Task prompt: Repeat the full listing below verbatim and keep the images out.

Information supplied:
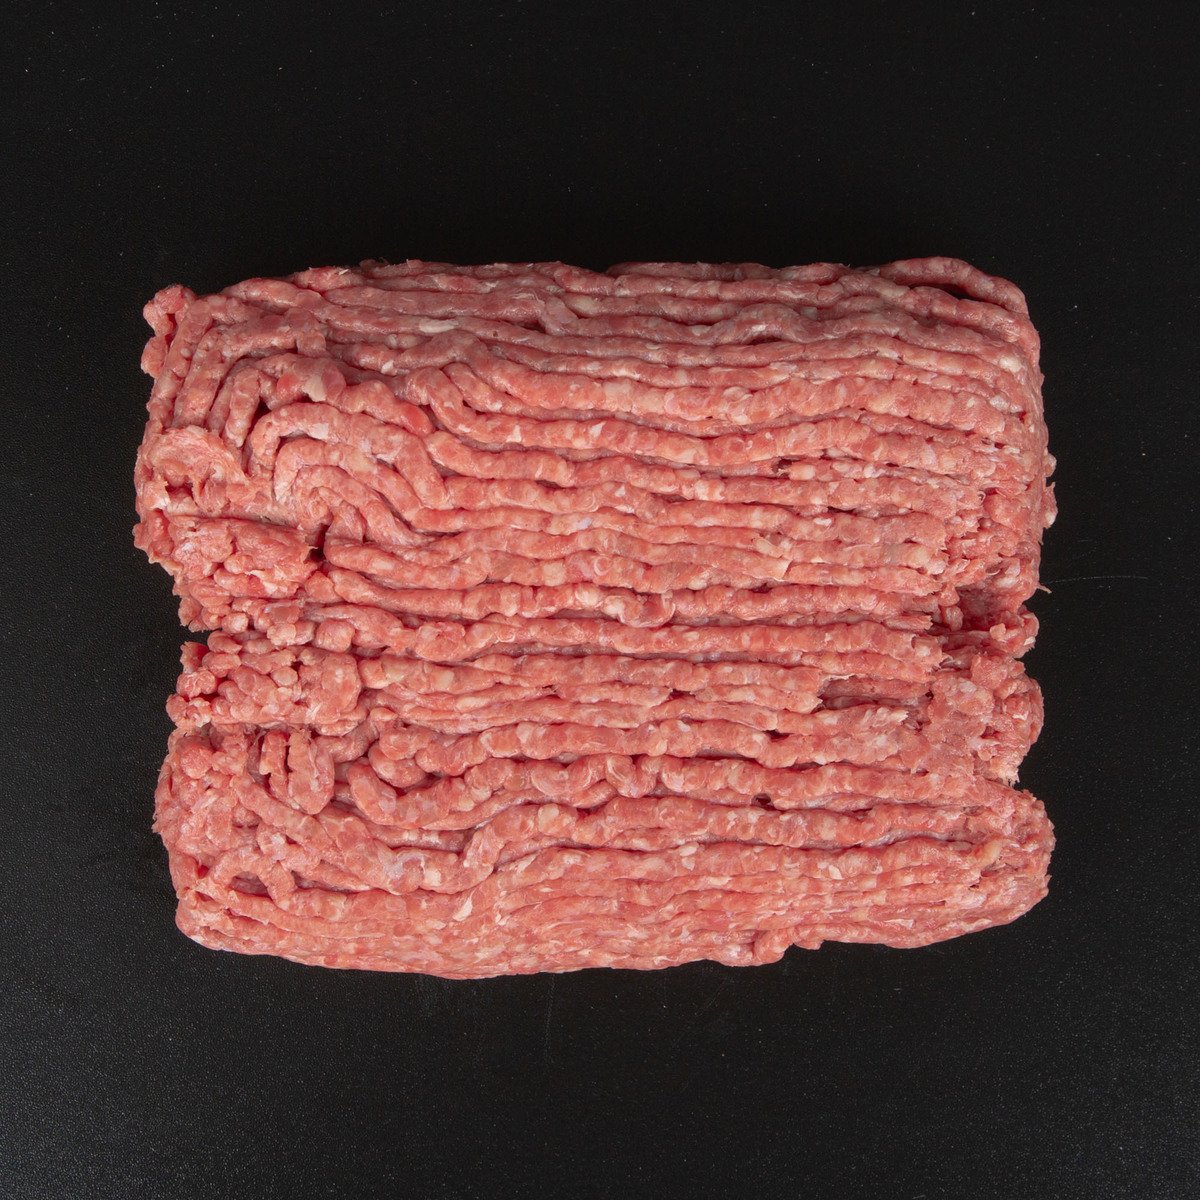 New Zealand Beef Mince 500g
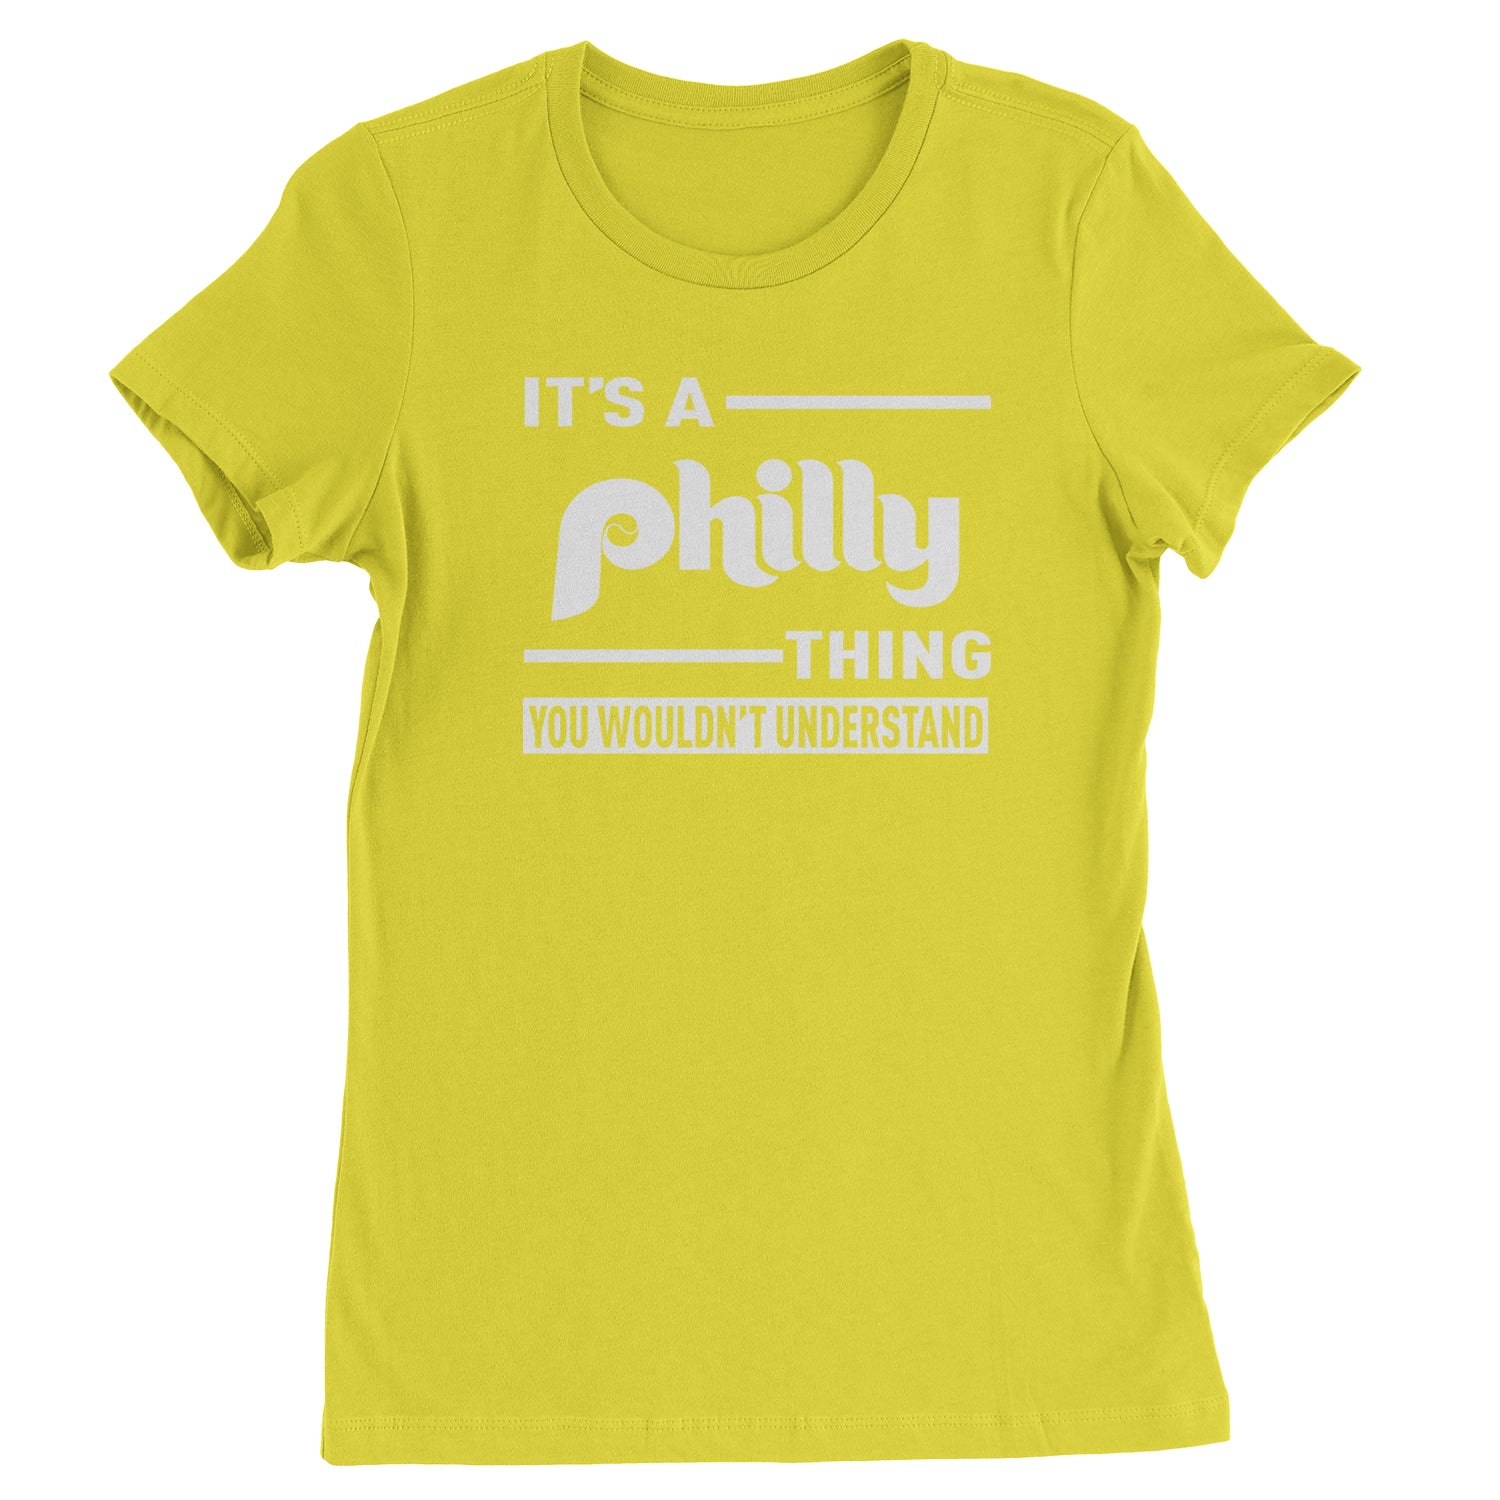 It's A Philly Thing, You Wouldn't Understand Womens T-shirt baseball, filly, football, jawn, morgan, Philadelphia, philli by Expression Tees
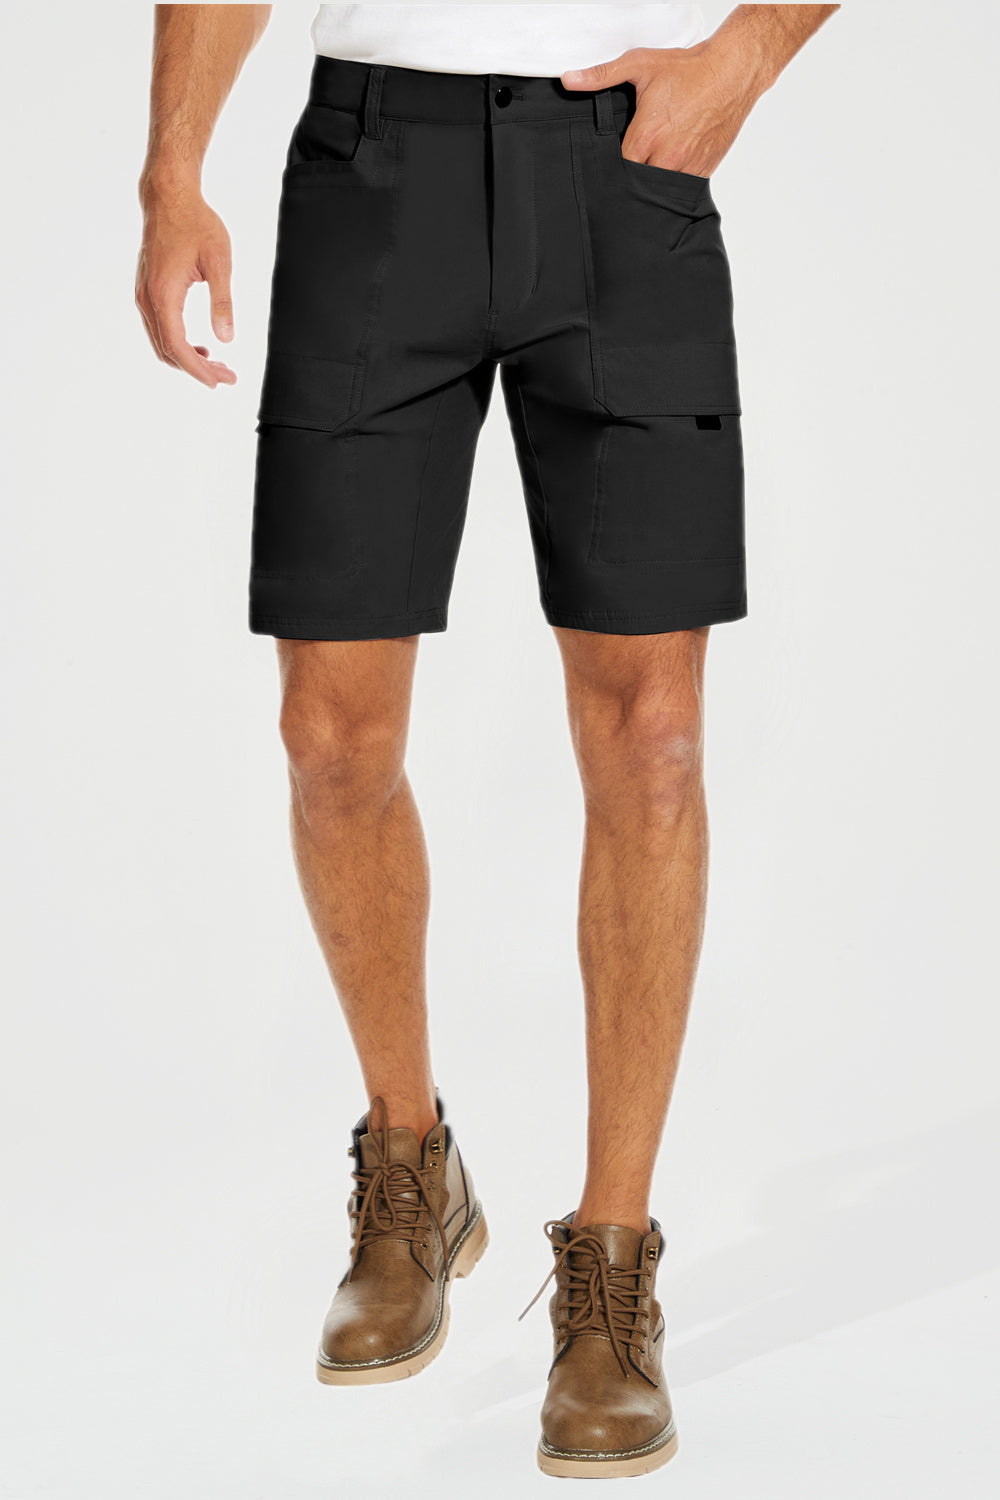 JEGULV Overstock Items Clearance All Men's Long Cargo Shorts with
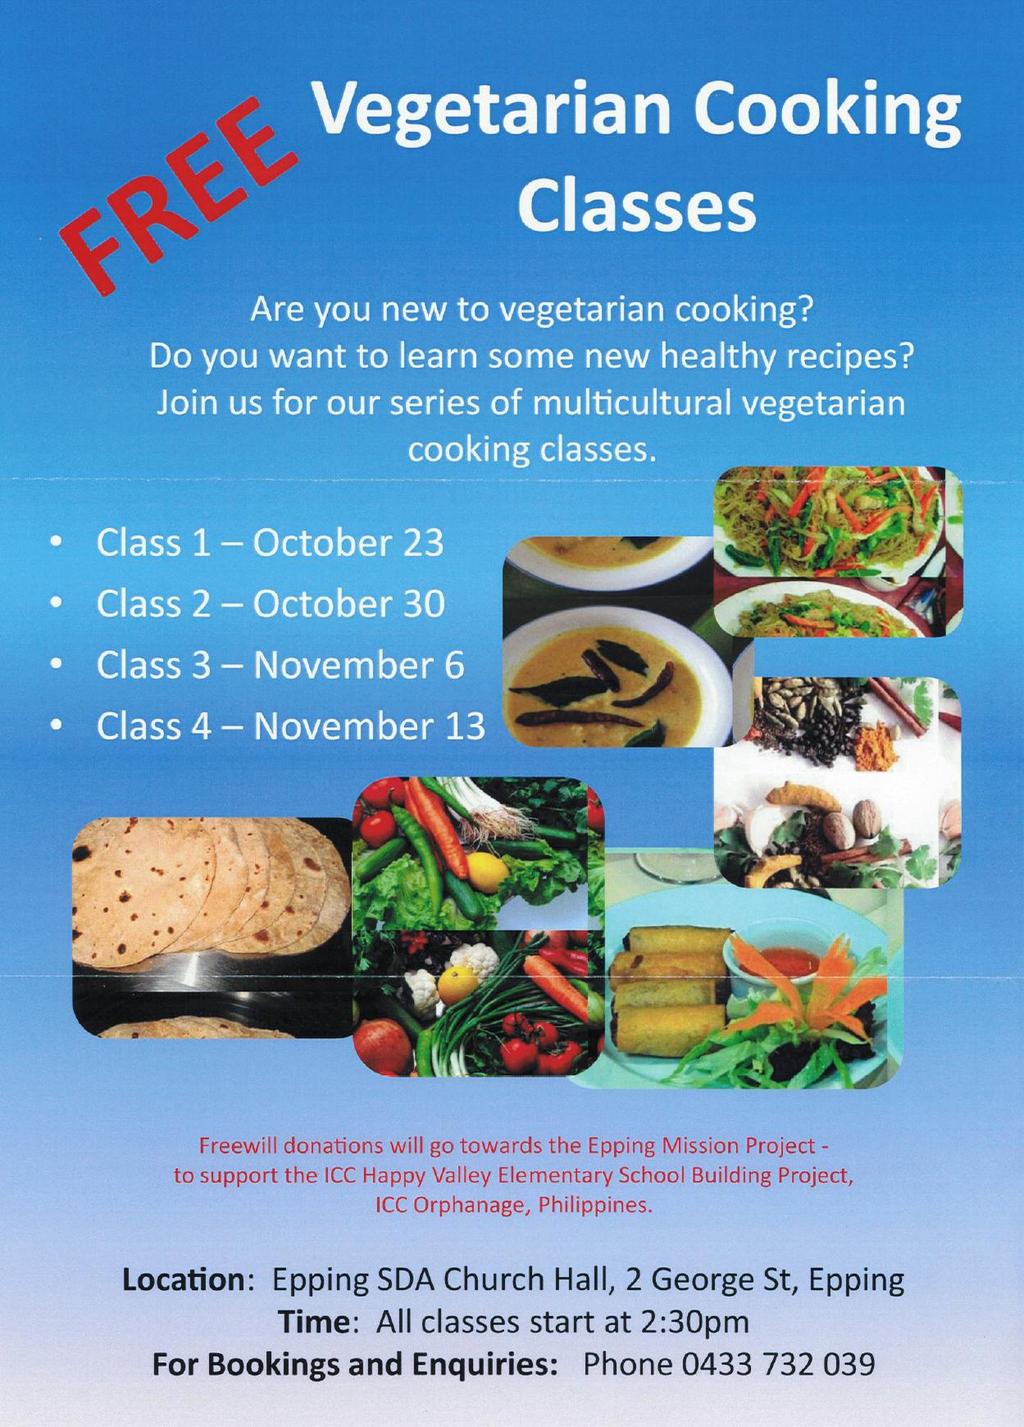 Vegetarian Cooking Classes: Oct 23-Nov 13 (This Sabbath) Vegetarian Cooking classes will start THIS Sabbath Oct 23 from 2:30pm Church Hall Please remember to pray for our upcoming Vegetarian cooking

Problem solution:
 New Zealand Beef Mince 500g
 It's A Philly Thing, You Wouldn't Understand Womens T-shirt baseball, filly, football, jawn, morgan, Philadelphia, philli by Expression Tees
 JEGULV Overstock Items Clearance All Men's Long Cargo Shorts with
 Vegetarian Cooking Classes: Oct 23-Nov 13 (This Sabbath) Vegetarian Cooking classes will start THIS Sabbath Oct 23 from 2:30pm Church Hall Please remember to pray for our upcoming Vegetarian cooking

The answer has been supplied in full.